Review: Captain America: Super Soldier

Who knew being a super soldier could be so boring? In Captain America: Super Soldier, this is a lesson easily learned within the first few (extremely short) missions of the game. Cap is also pretty useless without his shield, and apparently excels at acrobatics. I have nothing against comic book video game adaptations, as long as they’re decent, and playable. Further still, a comic book video game adaptation based on a movie is an even more iffy endeavor. However, taking a few pages from one of the most tidy superhero games to date, Batman: Arkham Asylum, was a great design choice on Sega’s part. Unfortunately, in execution it didn’t pan out so well. Is that because Captain America isn’t as strong of a “brawler” character as Batman, or because too much time was spent on recreating the memorable pieces of Arkham Asylum instead of crafting a ground-up Captain America adventure? In short, I’d say it’s just because of pure laziness.

I’m admittedly not a Captain America buff, so whether the lore is spot-on here in this movie adaptation is beyond me. I do know, however, that this isn’t exactly an edge-of-your-seat adventure. There are plenty of souped-up HYDRA soldiers, apparently, armed with electric weapons, and they can take a beating. Also, Captain America’s mighty shield feels much more like an oversized trash can lid rather than the hallowed weapon you’d expect from his comic book persona. He has a fierce aversion to guns, seemingly, instead relying on brawls and fancy footwork to take down adversaries. And the whole thing feels decidedly un-super.

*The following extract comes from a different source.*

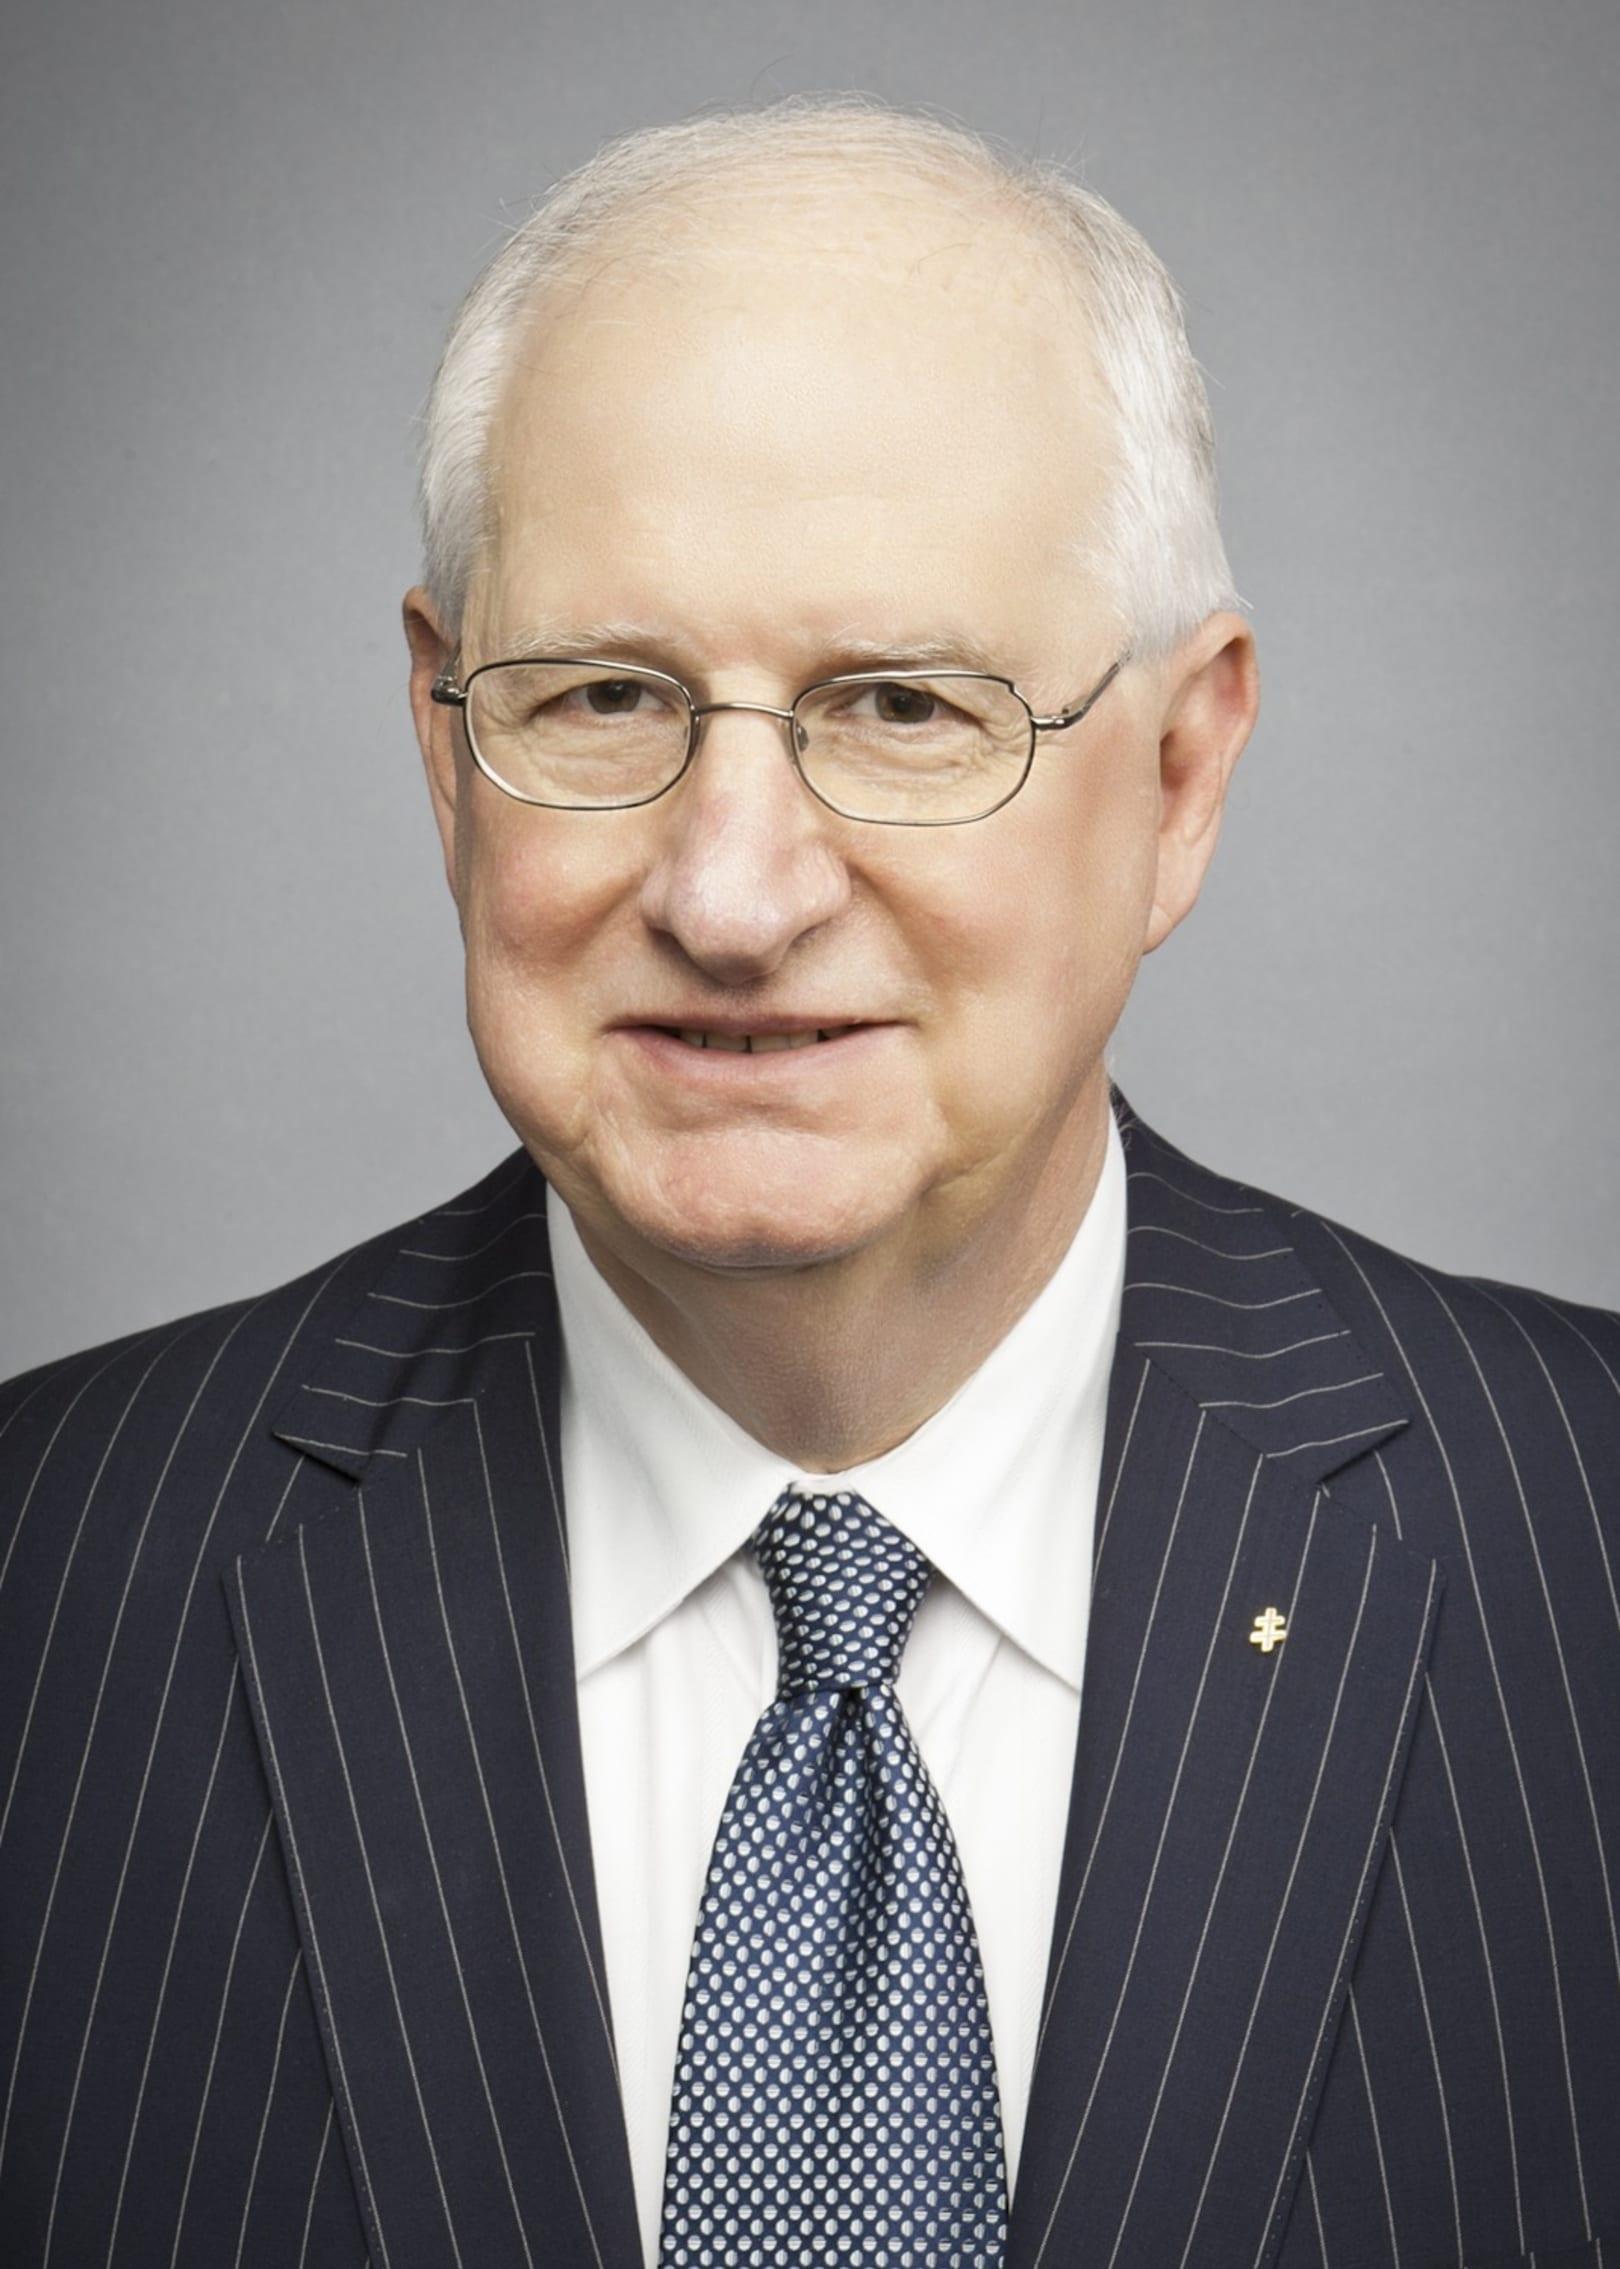 Ronald Skaggs, FAIA
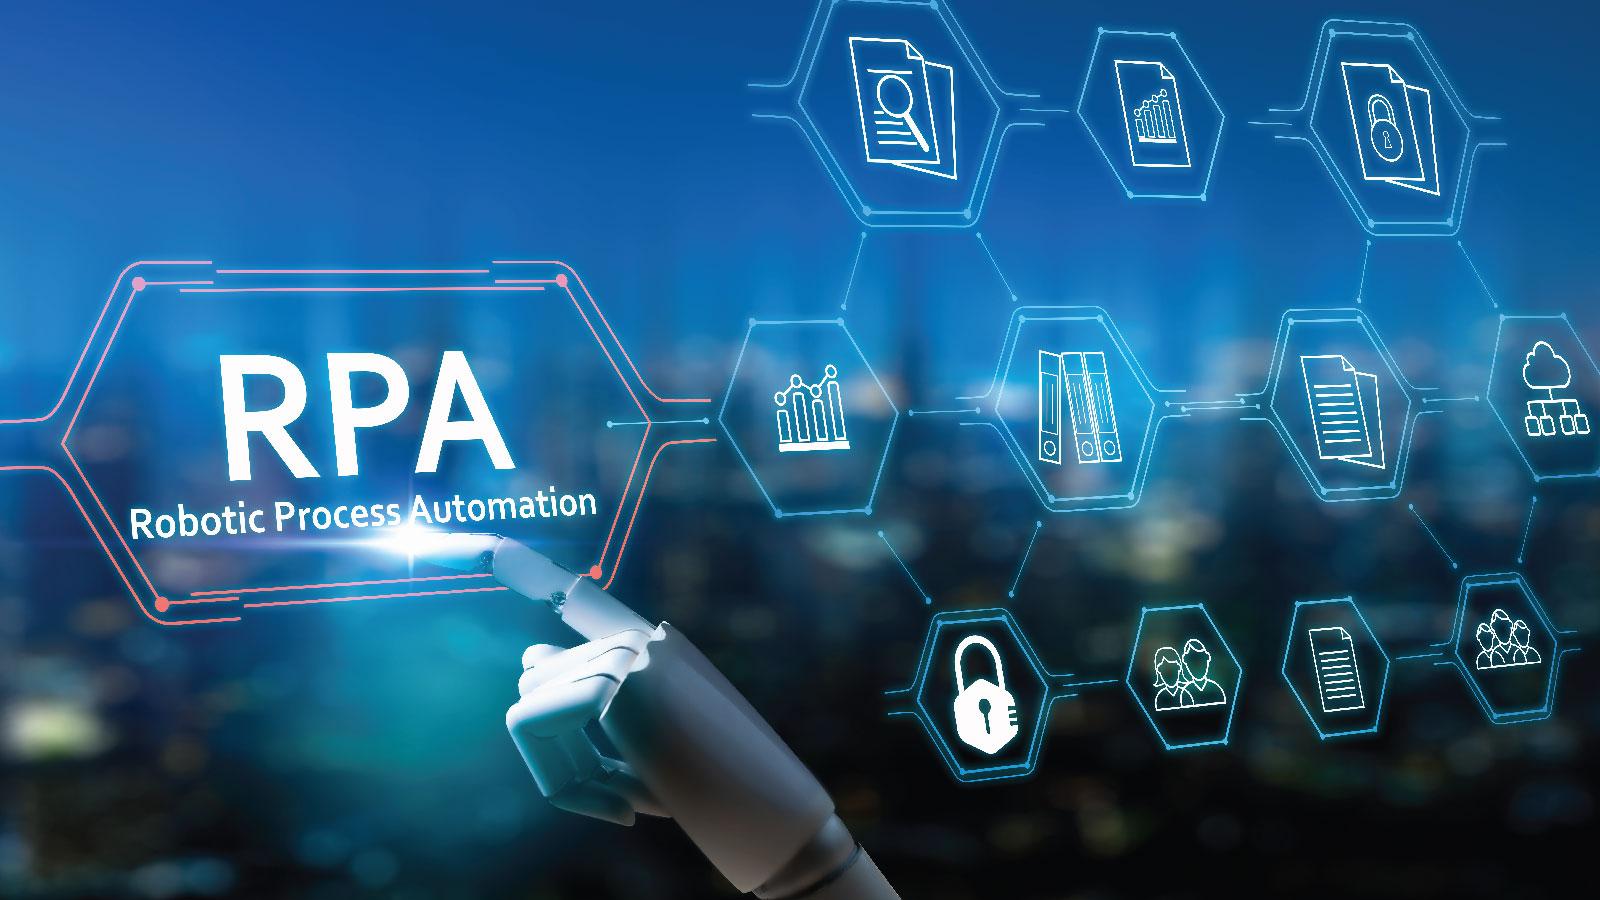 automation, digital transformation, RPA, Gartner, transparent governance and operating model, process optimization, integrating RPA, robotic process automation, RPA collaboration, RPA implementation, overall security, RPA trends, enterprises, 2020, robot capabilities, strategic transformation CTO, CEO, automation, digital transformation, RPA,

The world’s first super soldier feels more like an underpowered grunt than what I was expecting, in fact. Just like in Batman: Arkham Asylum, free flow combat takes precedence here. Cap’n is quick and nimble, and melee combat is suprisingly fun, unless you’re using his shield. It doesn’t have that “oomph” I’d expect from the famous shield, and it feels more like tossing a sheet metal disc at people rather than a deadly projectile. I did, however, find dodging and using the more deadly attacks (dealt via L1 + square button) much more entertaining, though they’re much more limited in use — you need to build up a combat meter at the bottom left of the screen in order to use these flashier methods, and they’re one-hit kill freebies. You’ll appreciate it when faced with HYDRA soldiers who just won’t let up. Unfortunately, you must rely on your shield far more often, so get used to at-length combat unless you want to die continually. Thankfully, upgrades are available to Cap through picking up recon folders and information scattered throughout the game, building up points that may be spent on new moves and improving the ones you already have.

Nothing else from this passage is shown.